For those unfamiliar with early Weather Report, however, this is not Heavy Weather. Jaco Pastorious was not yet with the band, and you will not find anything quite like "Birdland" here. The album is full of churning, moody, intense music that is far closer to Miles Davis’s Bitches Brew than to the later near-pop recordings that Weather Report would create. "Unknown Soldier" is a moody anti-war musical statement that defies both jazz and rock, never allowing itself to be classified as anything other than great music. Recorded live, "Vertical Invader/T.H./Dr. Honoris Causa", "Surucucu", and "Directions" form what was the original second-side of the album, and serve as adventures in time-signature and musical form. These recordings are a testament to the time the band spent in Japan, and are very much a document displaying a defining point in the history of jazz.
Indeed, much of this album is a deconstruction of what had come before as much as a construction of a new form of music. Taking the group-improvisation methodology of Dixieland, combining it with the instruments and sensibilities of a rock & roll jam band, and the virtuosic technique of a collection of the greatest of bebop musicians, this was truly fusion in the truest sense of the word, and before the word became a trite appellation for anything that happened to be pop/rock music that had an improvising trumpet or saxophone instead of a vocalist.
As far as the remastering, the studio tracks clean up incredibly well. There seemed to be some analog noise in the live recordings, but with the crowd noise and the wide variety of metal percussion equipment heavily utilized by Eric Gravatt during these performances, the noise is hardly noticeable.

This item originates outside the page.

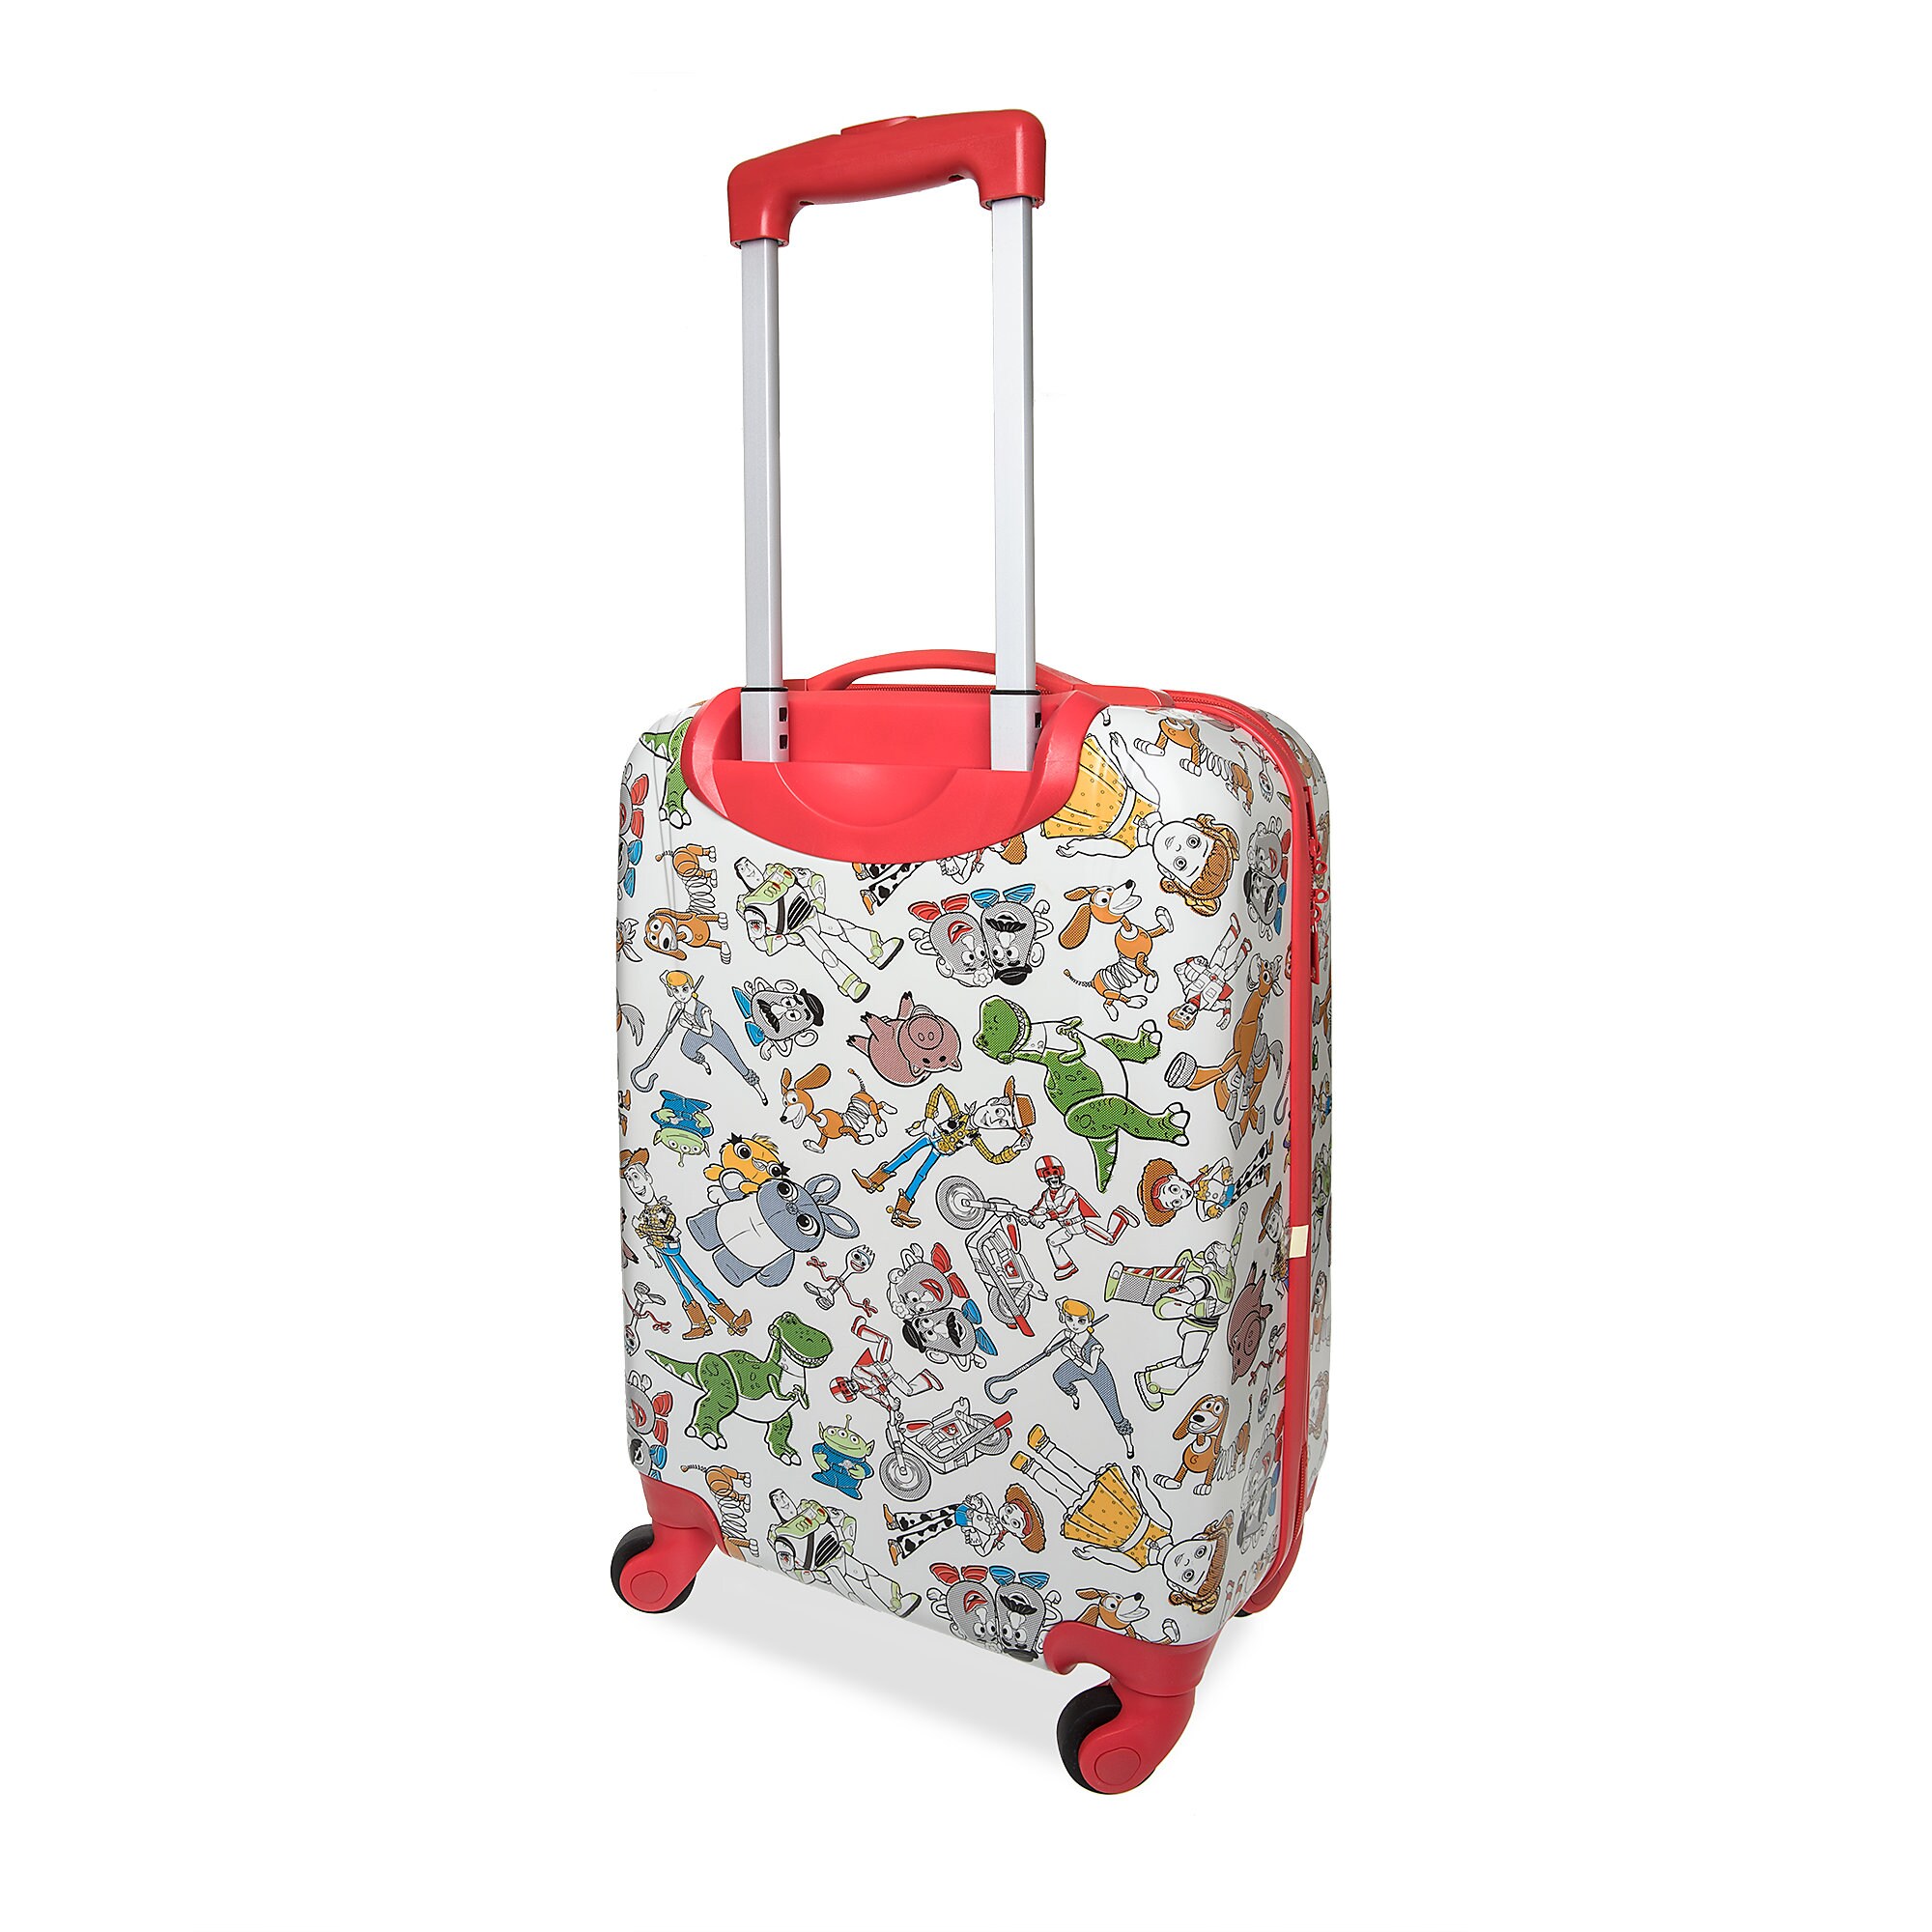 Toy Story 4 Rolling Luggage - Small
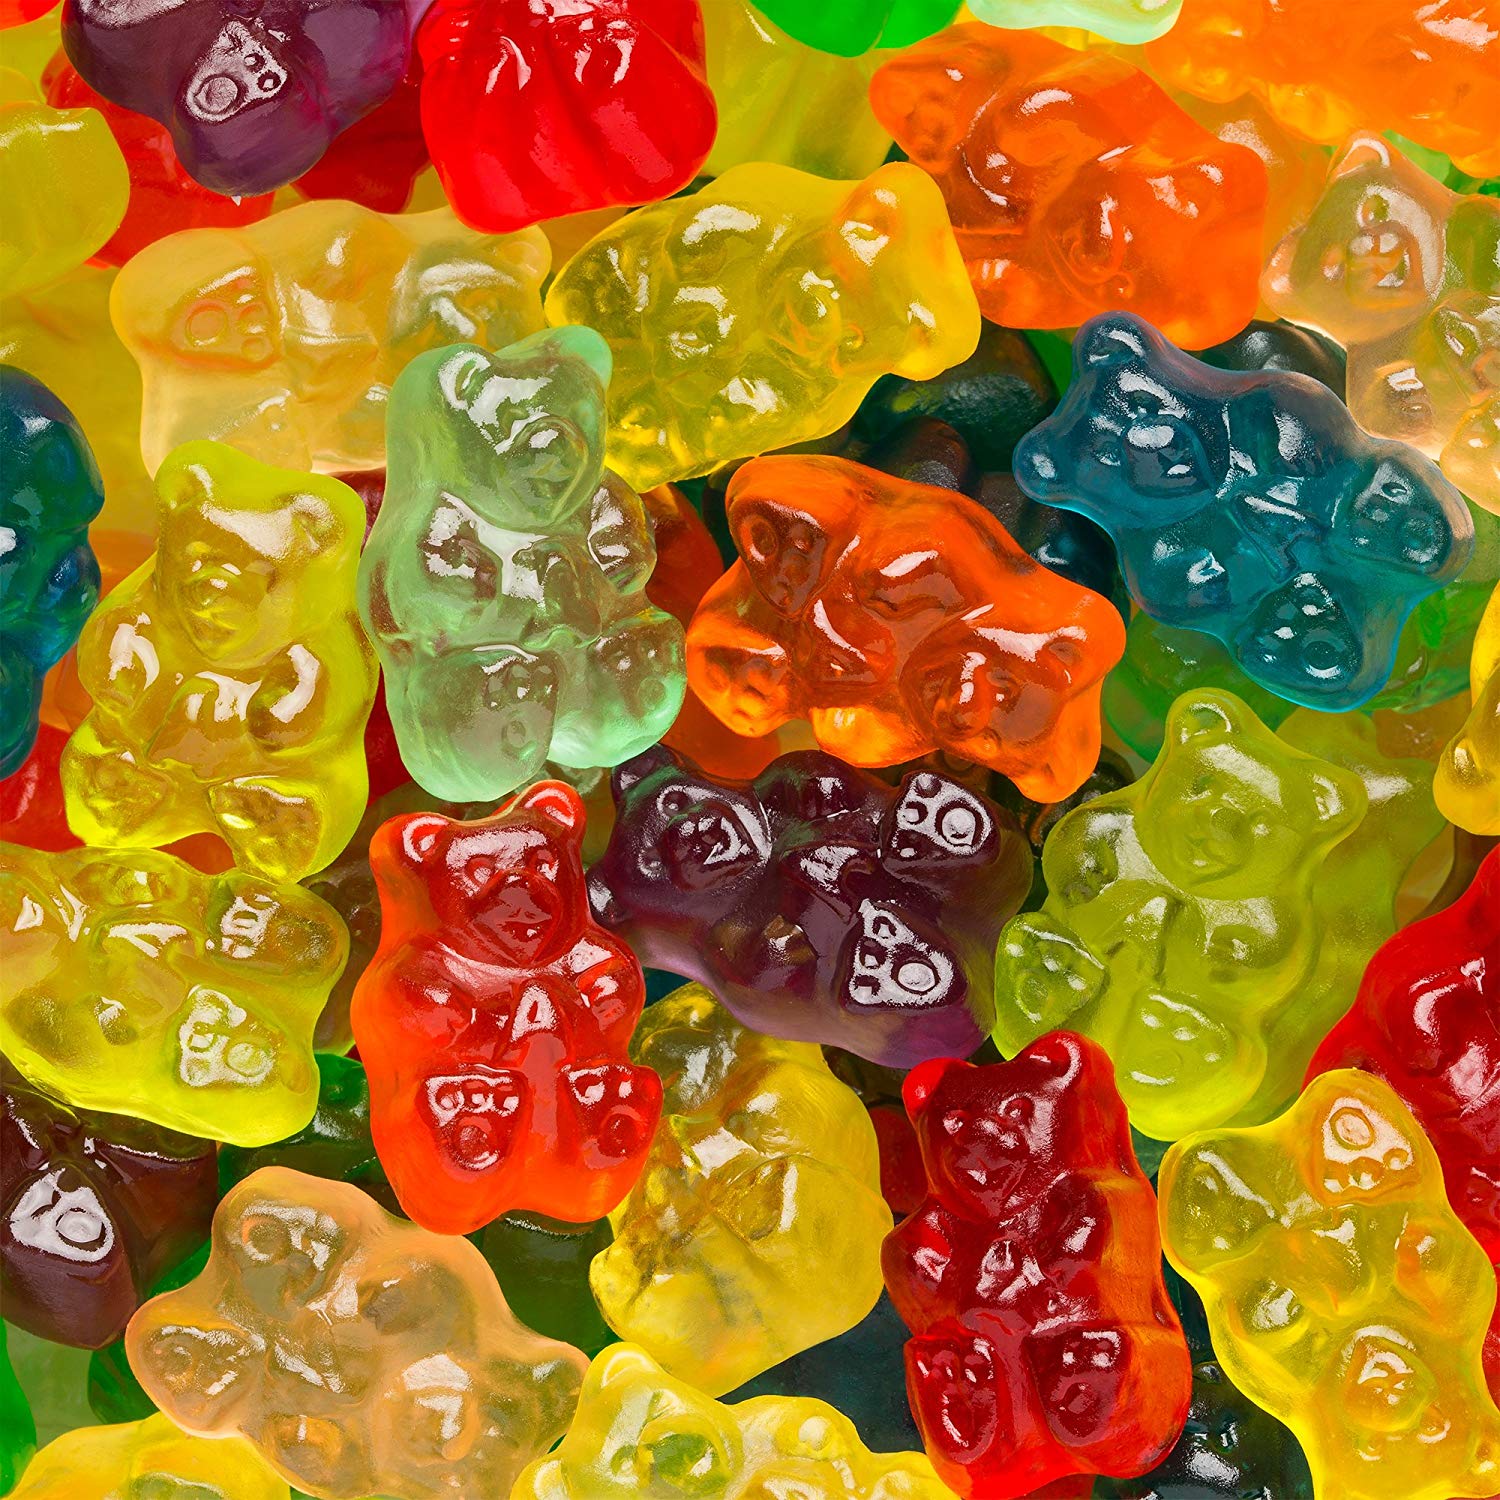 Buy Albanese Candy Gummi Bears 5 Lb Special Discount And Free Shipping.

It certainly would not be considered distracting.

There is nothing that can be said about this album that has not been said before. It stands the test of time, still sounding fresh, new, and vibrant. It was incredibly influential and successful. The individual musicians on the album are recognized as belonging on the Mount Olympus of modern music. It is simply one of the great albums of the 1970s. If you have never had the opportunity to discover I Sing the Body Electric, you really should.